Rodrigo de Borja había adquirido en España el ducado de Gandía, uno
de los pocos que todavía conservaba en Valencia el reino de Aragón.
Recordemos que ese ducado constituyó la herencia de Pedro Luis, el
hijo mayor de Rodrigo, pero como falleció prematuramente pasó a
manos de Juan, quien también murió antes de cumplir los veinte
años, por lo que lo heredó su hijo, aquel hijo que tuvo en España
con María Enríquez, la esposa también heredada de su hermano
mayor.
Comprar el ducado de Gandía al
Rey Católico fue un acierto. Comprarlo no es lo mismo que
conquistarlo a sangre y fuego o arrebatarlo al señor de turno,
matándole u obligándole a exiliarse, que fue como César Borgia
intentó crear su Estado particular, pues ya le confesó a Maquiavelo
que ninguna otra cosa le iba a quedar después de la muerte de su
padre, el Papa. Y aun ni eso le quedó, como hemos visto.
Así, mientras los Borgia
cosechaban triunfos perecederos en Italia, el ducado de Gandía, en
manos de la viuda de Juan, doña María Enrique, sobrina de Fernando
el Católico, se acrecentó en cantidad y en calidad, y cuando el
heredero de Juan, Juan II de Gandía, cumplió quince años, lo
recibió de su madre enriquecido y ampliado, junto con una esposa
noble, Juana de Aragón, hija natural del arzobispo de Zaragoza,
Alfonso de Aragón, quien era a su vez hijo natural del Rey
Católico.
Hay que tener en cuenta que
muchos de estos obispos y arzobispos ni siquiera habían sido
ordenados sacerdotes, lo cual, para muchos, justifica sus
relaciones sexuales, pero para otros agrava más la situación, ya
que si no eran siquiera sacerdotes, ¿cómo podían llamarse
representantes de los apóstoles de Cristo, pastores de almas y
cuanto se dicen los obispos? Evidentemente, el obispado era, al
menos en esos casos, un título tan laico como el del señor feudal.

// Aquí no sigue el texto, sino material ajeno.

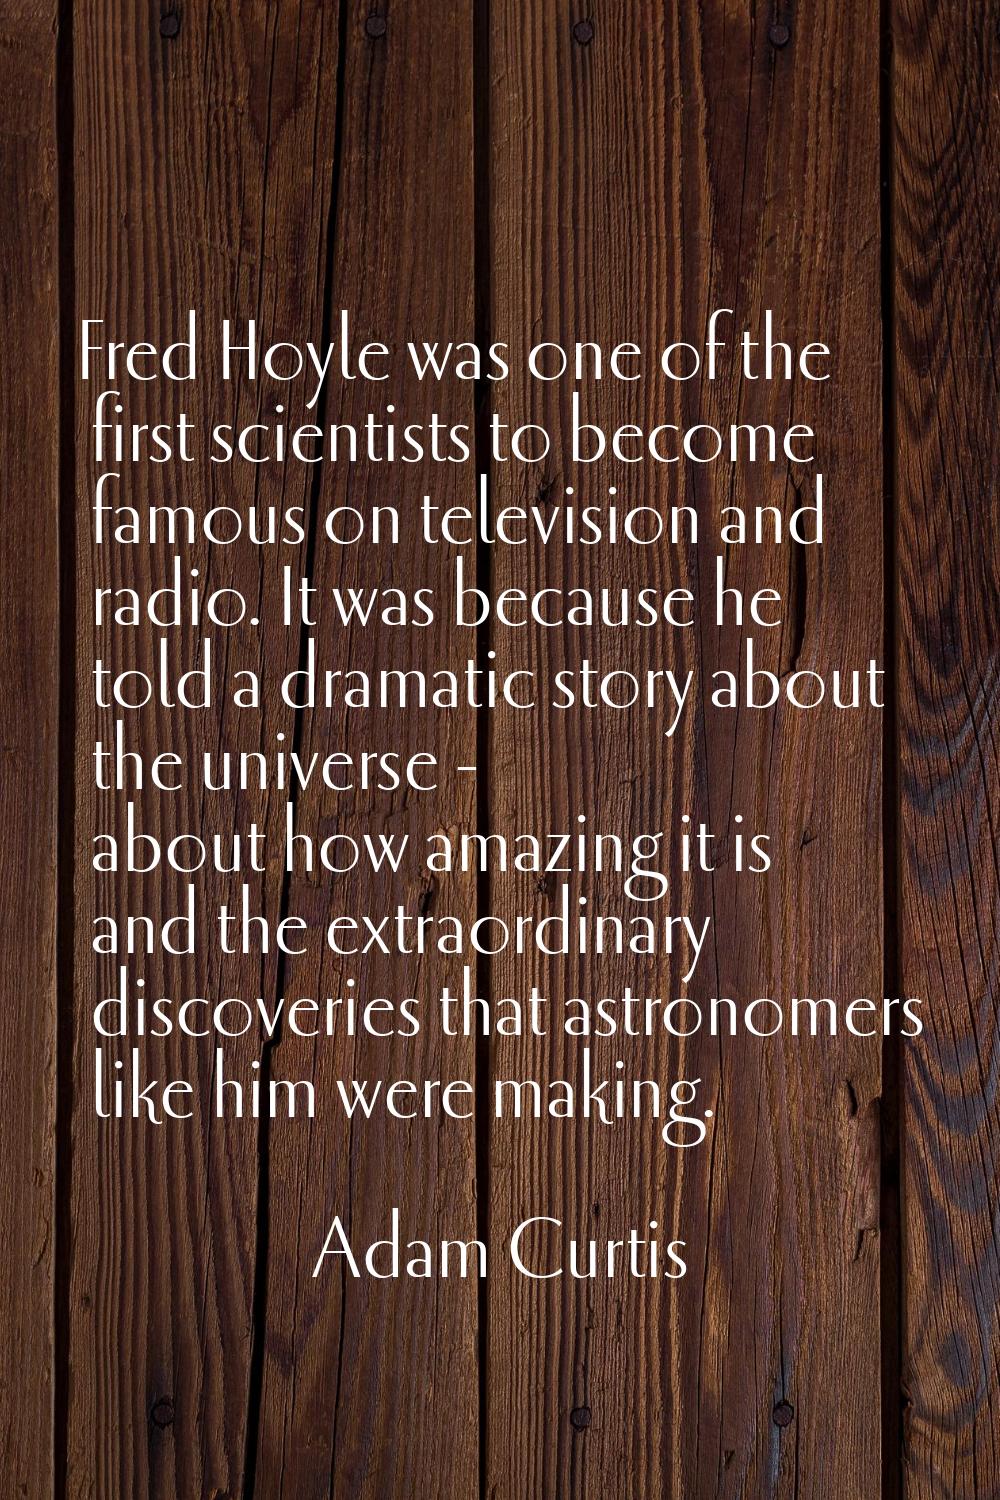 Fred Hoyle was one of the first scientists to become famous on television and radio. It was because
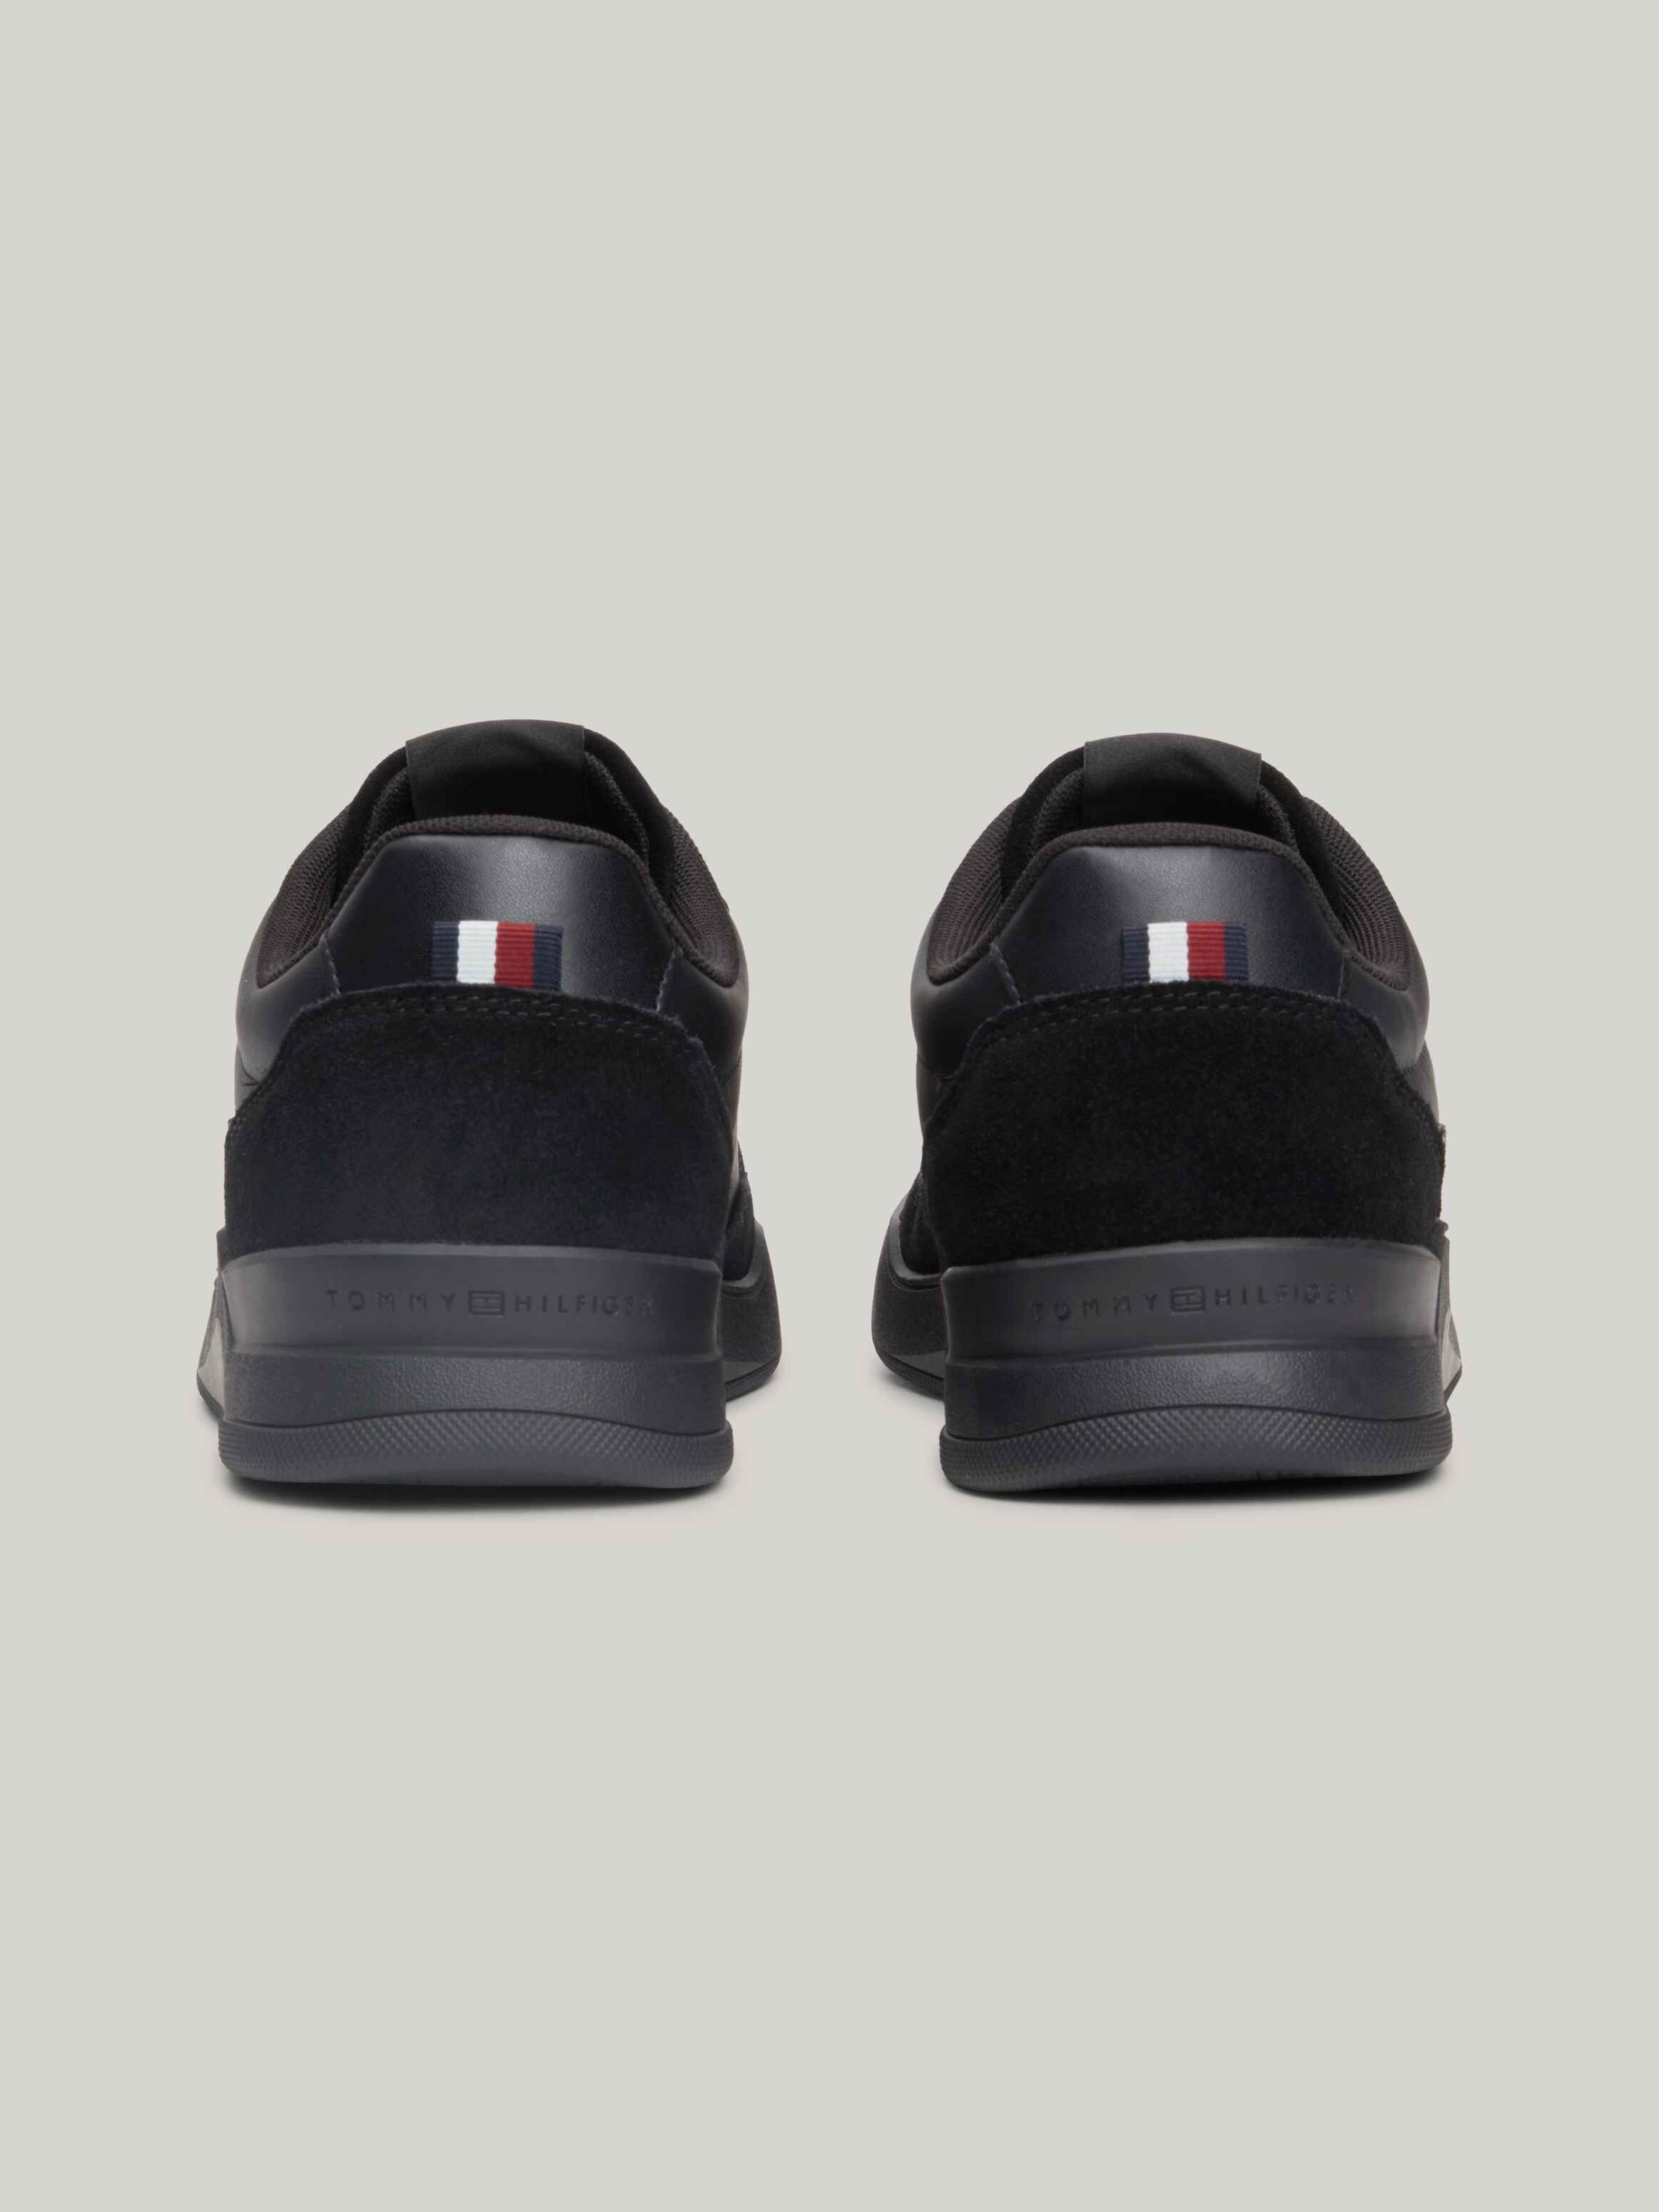 Elevated Cupsole Leather Trainers | Tommy Hilfiger

Tenía, por tanto, razón aquel conde de Vermandois que comentó que
si su hijo podía ser conde a los cinco años, ¿por qué no iba a ser
obispo? 1510 fue también una fecha importante para la familia Borja
(ya no les llamaremos Borgia porque estamos tratando de la rama que
quedó en España, donde no fue preciso latinizar el nombre) y
también para la Iglesia. En ese año sucedieron dos acontecimientos
importantes que modificaron la historia de ambas. La fama de la
familia cambió totalmente de rumbo, incluso en Italia, y la Iglesia
Católica recibió el varapalo más grande de su historia. En 1510
nació Francisco de Borja, futuro santo redentor del apellido
familiar. En 1510 llegó a Roma Martín Lutero, futuro reformador de
la Iglesia, que escapó por los pelos de la hoguera
inquisitorial.
Para no convertirse en suegra,
doña María Enríquez entró en el convento de las clarisas donde ya
vivía desde tiempo atrás su hija Isabel, seguramente rezando en
silencio por los pecados de su padre y de sus tíos romanos. De
Isabel, por cierto, se cuenta una historia que, de ser cierta,
tendría sentido profético. Dicen que esta joven decidió consagrarse
a la religión de la noche a la mañana, ya que habiendo entrado de
visita en el convento de las clarisas descalzas de Gandía recibió
allí mismo la llamada mística y tomó la resolución irrevocable de
quedarse en aquel convento y no salir de él jamás. Su madre, sin
embargo, debió de tener dudas acerca de la verdad de la vocación de
Isabel o bien temió que su descendencia peligrara, ya que
únicamente tenía esta hija y un hijo varón, Juan.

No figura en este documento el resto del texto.